The HSE has not been collecting any national data on healthcare workers brought back to work while restricting their movements due to Covid-19, or examining whether this has led to further infections, the Executive has informed health sector unions.
However, Clinical Lead of the HSE Workplace Health and Wellbeing Unit, Dr Lynda Sisson, told the Medical Independent (MI) “we are collecting that data now”.
Dr Sisson also said questionnaires have been sent to acute and community sites in regard to the number of derogated workers. She said the guidance is currently with the pandemic infection control team for ongoing review.
“We do believe, however, derogations are necessary in some cases, so derogation guidance will continue. What we will be doing in the next few weeks is monitoring it much more closely than we have been able to so far.”
Asked if the policy had been overused, Dr Sisson said: “We just don’t know that as yet. But we will be looking to see that it is used judiciously and appropriately.”
However, health sector unions have expressed “grave” concern about the operation of the policy.
Director of Industrial Relations at the Irish Nurses and Midwives Organisation, Mr Tony Fitzpatrick, told MI local managers have been “derogating left, right, and centre, because they don’t have staff, or they cannot get replacement staff”.
This situation presented a “significant risk to patients, but also to colleagues working within those services”.
He added that healthcare worker infection was an “issue we are raising constantly with the HSE”. The IMO has also expressed concern.
In early October, the health unions jointly informed the HSE there were “several questions” outstanding after a meeting with the Executive. These questions related to the “negative impact” of the derogations policy on the ability to provide a safe working environment; the ability to ensure asymptomatic healthcare workers were not infectious; the “absence” of a testing policy to balance this policy; the “absence” of any measurement of related infections among other staff or patients following the managerial decision to derogate under this policy.

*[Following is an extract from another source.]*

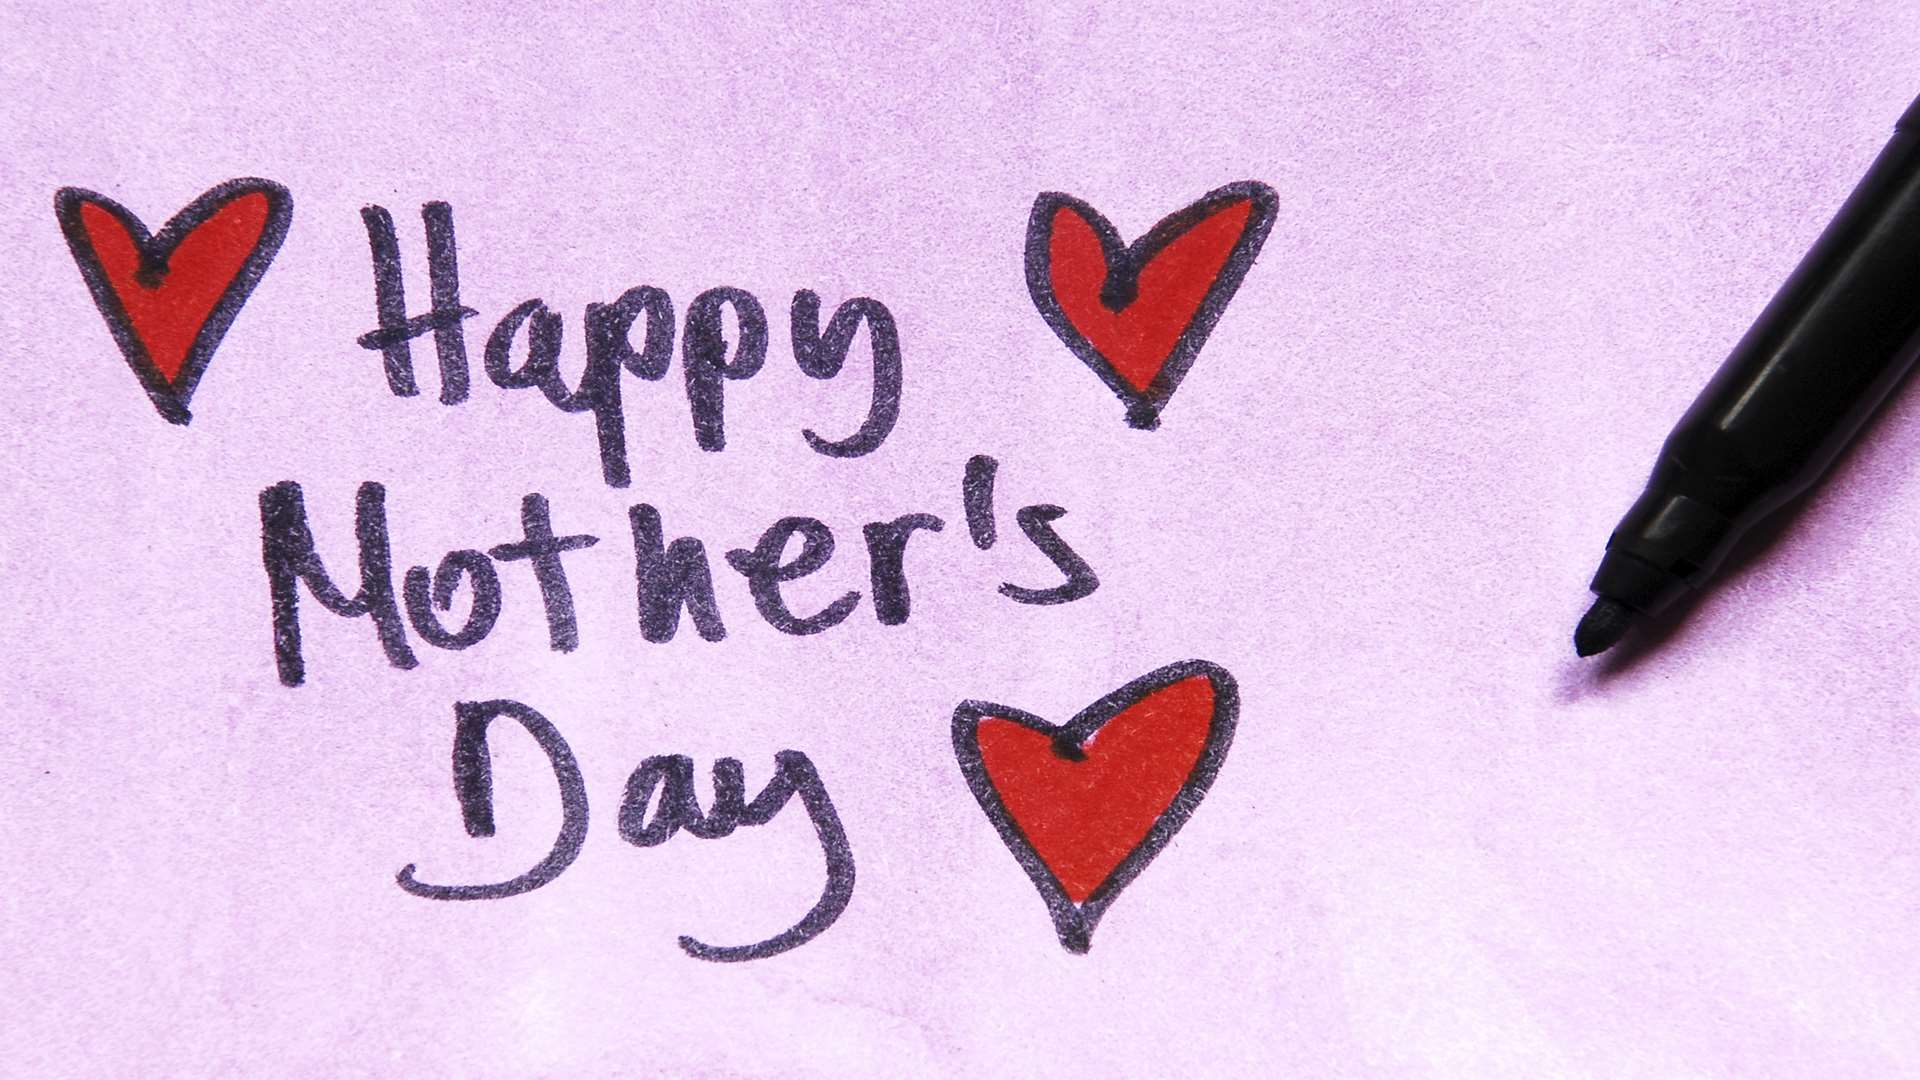 Mother's Day is on Sunday, March 15

According to the unions’ correspondence, Dr Sisson told the meeting that derogations were granted by local management and no records were held at national level on the number, location or grade. There was no national surveillance of the potential impact of derogations on spread of the virus.
The HSE policy permits derogations for healthcare workers who are restricting their movements (eg, as a close contact) if deemed “essential to critical service needs”. The policy does not apply to close contacts of a suspected or confirmed case in their home; or those with a positive Covid-19 test.
Under the policy, ‘essential’ healthcare workers entering Ireland who would otherwise be required to restrict their movements, may also be derogated. While the policy requires that occupational health should be informed, it is questionable to what extent this is occurring.
“If we’re not informed of healthcare workers being derogated following travel then it’s very difficult for us to provide monitoring and ensure they are aware of the risks,” commented one specialist.